UTFacultiesEEMCSDisciplines & departmentsSCSEducationAssignmentsOpen AssignmentsOpen Master AssignmentsMaster thesis project: Privacy verification for sensitive data science

Master thesis project: Privacy verification for sensitive data science

MAster thesis project

Privacy verification for sensitive data science

Type: Master CS 

Start date: as soon as possible

Student: Unassigned

If you are interested, please contact:

Dr. Afshin Amighi
HBO-postdoc Kenniscentrum Creating 010 - Hogeschool Rotterdam

Objective:
There are generally two ways for making sensitive data accessible. The first is the open data after anonymization approach, where personal identifiers are stripped from datasets and generalized before the data is shared. The second is the algorithms-to-data approach, where the data stays secure with the owners, and instead an external party provides a script to the data owners.

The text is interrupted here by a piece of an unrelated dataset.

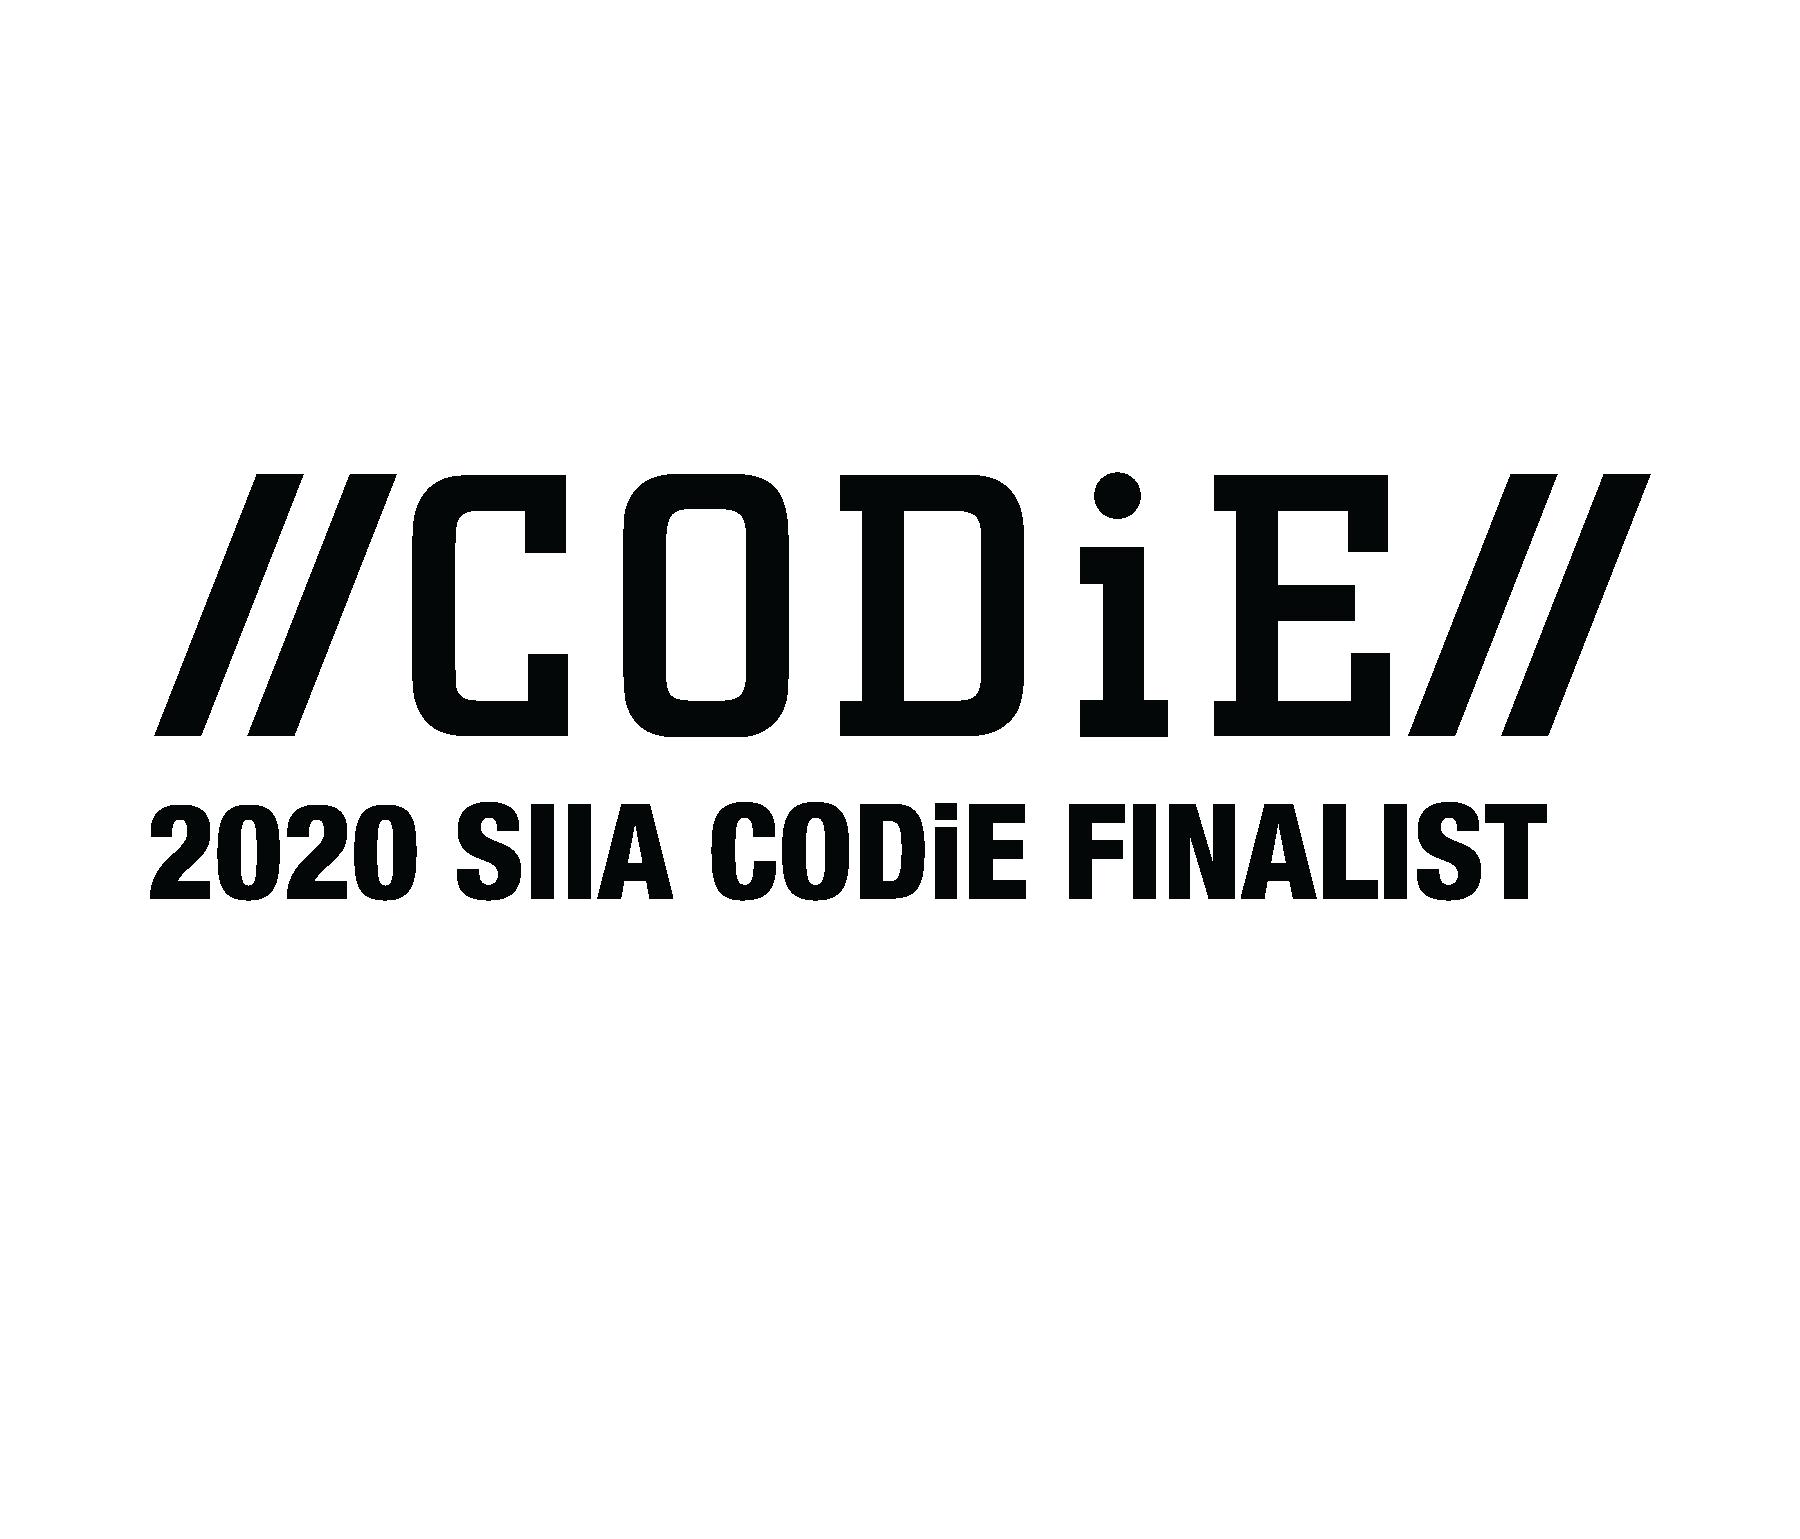 CODIE_2020_finalist

Only the output of the script is shared, and not the sensitive data itself. 

The remaining gap in the algorithms-to-data approach is that not every script or algorithm is suitable for execution on sensitive data: the algorithm might not preserve anonymity, or worse, directly leak the data itself. To avoid this, the algorithm requires a human audit, which is subtle and time-consuming work. 

We propose to develop a (semi-)automated framework to enforce privacy in this new model of data sharing. The core idea is to define privacy rules and automatically verify whether a submitted analysis program complies with these rules before it is executed on the dataset. 

Some examples of privacy rules are: 

  • “The submitted program must not attempt to leak information." 
  • “The submitted program must not attempt to reconstruct individual-level data.” 
  • “Averaging of rows requires at least 20 rows as input.” 
  • “The script is not allowed to call certain system functionality marked as dangerous.” 
  • “Executed queries must be proven to be safe in accordance with a privacy-preserving logic.” 
  • “Data must not flow directly to certain sinks marked as dangerous.” 

By using techniques from program verification (static or run-time), or policy languages, we aim to build a system where compliance can be checked automatically or with minimal human intervention. 

Some examples of concrete techniques that can be used for this project: 

  • Static analysis, e.g. using allow- and disallow-lists for known safe and dangerous functions, taint/dataflow analysis, and others. 
  • Dynamic analysis, e.g. run-time trace capture, to determine actual script behaviour 
  • Query type systems & formal policy languages. E.g. the PICACHV can formally show that queries respect data policies. 

Where possible, this project will try to apply results to the vantage6 platform, developed at the Netherlands Comprehensive Cancer Organization (IKNL) and eScience center. The platform follows a client-server architecture in which a researcher submits an analytical task or algorithm to a central server, which distributes it to participating data nodes; only aggregated results are returned to the server, ensuring that raw data never leave their original location. 

This means you can choose where you want to focus your efforts within the project. You can choose to focus on the conceptual level, taking the Vantage6 architecture as a blueprint, and seeing where a domain-specific logic can make the most impact. You can also focus on the practical level, by looking at patterns and idioms in the Vantage6 ecosystem, and building an approach based on that.